Bereits im Jahr 2021 erhielt die Arbeit der Forschenden Anerkennung seitens der Patientenbewegung: Syrbe und sein Heidelberger Kollege Dr. Afshin Saffari wurden mit dem Forschungspreis der aus dem Verein heraus gegründeten Deutschen Tuberöse Sklerose Stiftung ausgezeichnet. Anlass war eine Vorstudie zum aktuellen Forschungsprojekt, in der Syrbe und Saffari die Daten von 17 Kindern unter zwei Jahren auswerteten, die in den vergangenen Jahren in Deutschland aufgrund von Einzelfallentscheidungen bereits mit entsprechenden Wirkstoffen behandelt wurden. Ihr Ergebnis: Die Medikamente sind bei einem frühen Einsatz im Kindes- und sogar Säuglingsalter sicher und verträglich. „Die Ergebnisse liefern die Grundlage für unsere aktuelle Studie zum Nutzen einer früh einsetzenden Therapie und wecken Hoffnung auf eine langfristige Verbesserung der Entwicklungschancen dieser Kinder“, ergänzt Steffen Syrbe.
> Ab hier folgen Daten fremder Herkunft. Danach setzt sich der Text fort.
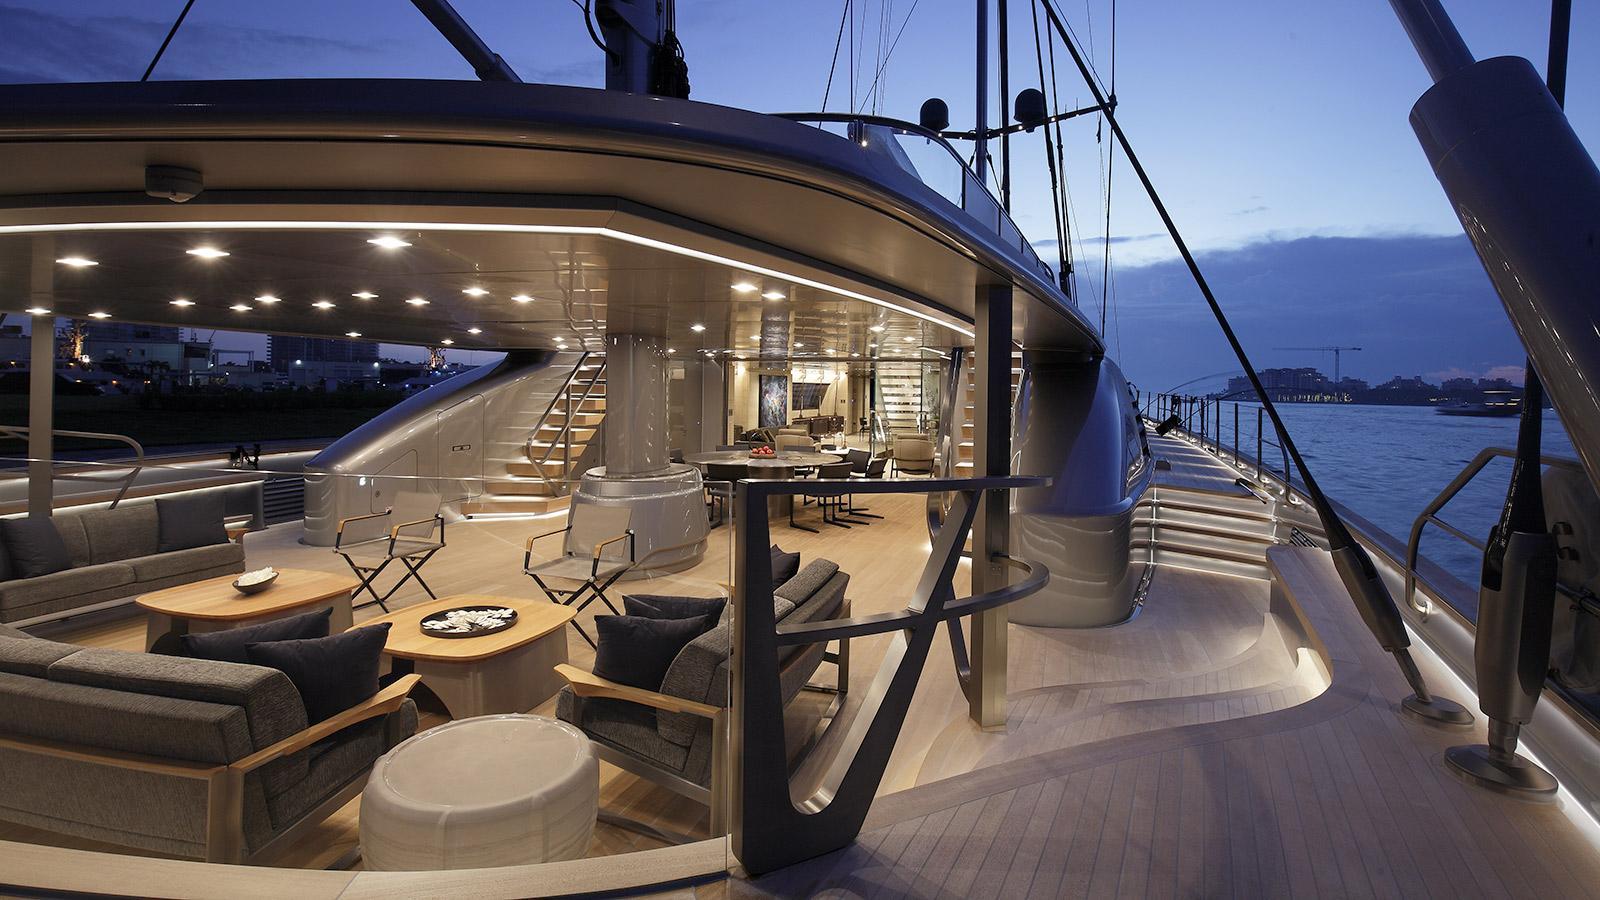 sybaris sailing yacht perini navi 2016 70m aft deck
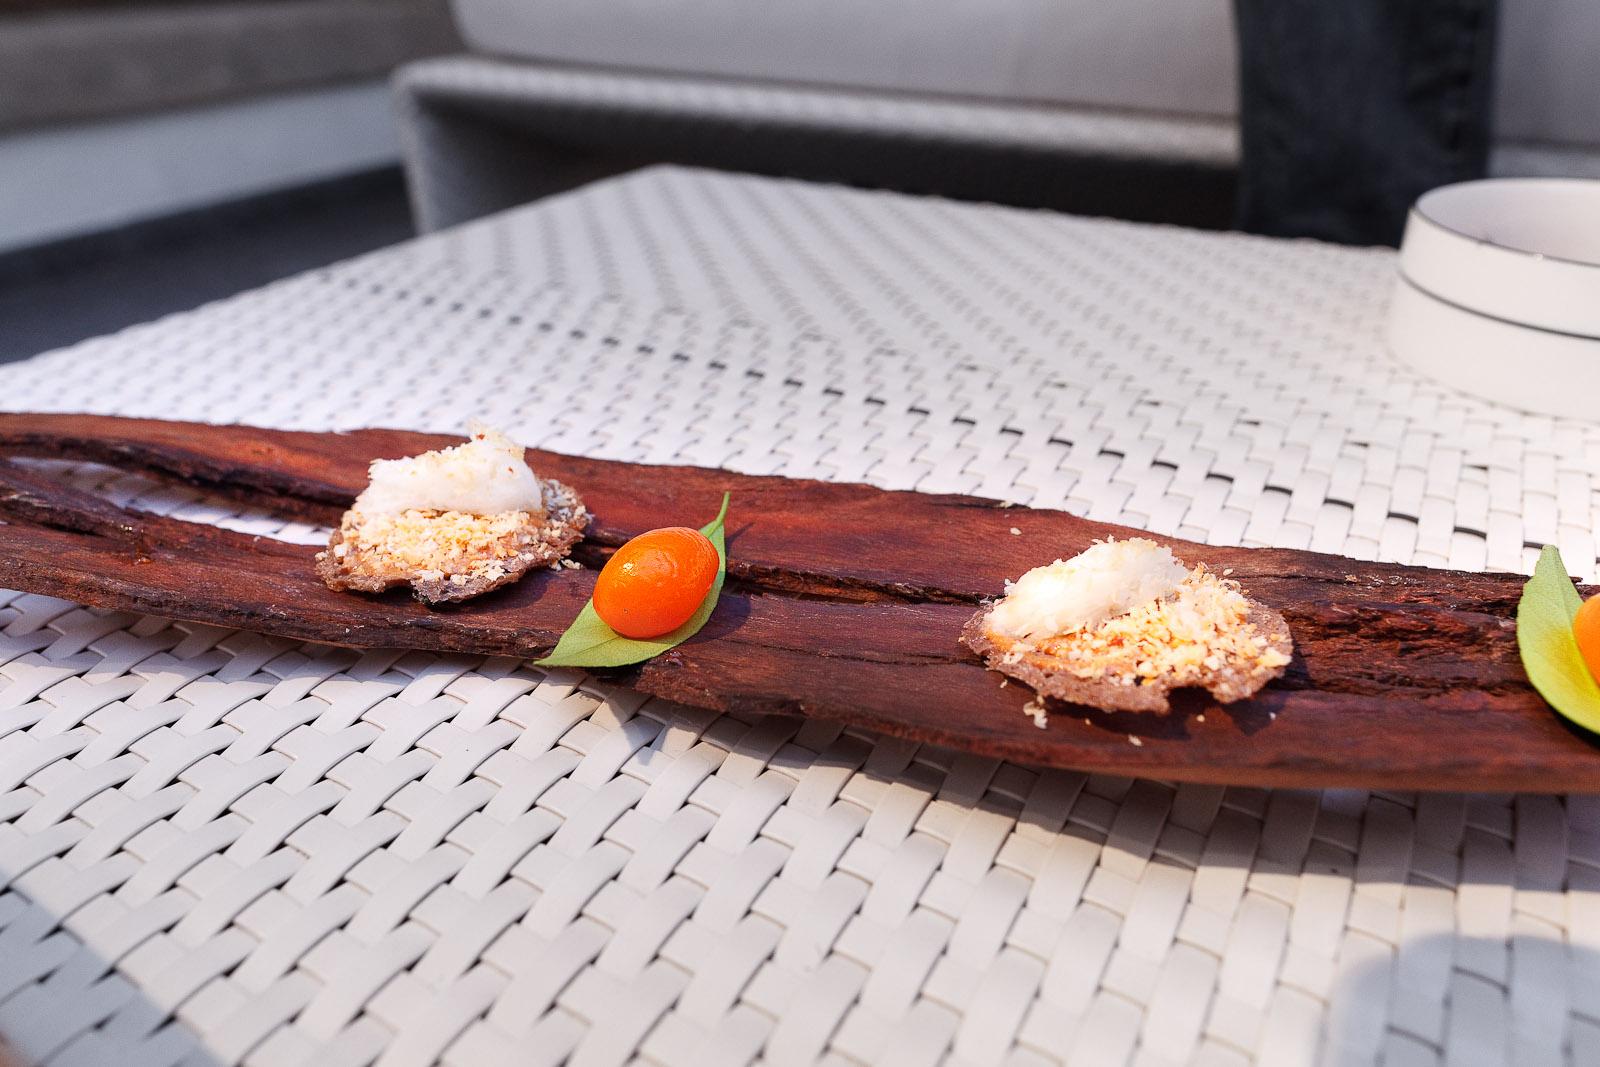 Amuse bouche: Kumquat filled with flying fish eggs

Forschung für und mit den Patientinnen und Patienten
Es gibt klinische Fragestellungen, die für die Industrie nicht interessant sind, dennoch aber für die Betroffenen und das deutsche Gesundheitssystem eine hohe Relevanz haben. Mit der Fördermaßnahme „Klinische Studien mit hoher Relevanz für die Patientenversorgung“ verfolgt das Bundesministerium für Bildung und Forschung (BMBF) das Ziel, Lösungen für solche Fragestellungen zu erarbeiten. Um den Bedürfnissen der Patientinnen und Patienten noch besser gerecht zu werden, sind in allen Forschungsvorhaben Betroffene sowie gegebenenfalls weitere relevante Zielgruppen aktiv an der Planung, Durchführung und Ergebnisverwertung zu beteiligen. Das Projekt PROTECT („Der Einfluss einer prophylaktischen mTOR-Inhibitor Behandlung bei Säuglingen mit einer Tuberösen Hirnsklerose auf die langfristige neuropsychologische Entwicklung“) zählt dazu und wird bis zum Jahr 2026 mit rund 3,6 Millionen Euro unterstützt.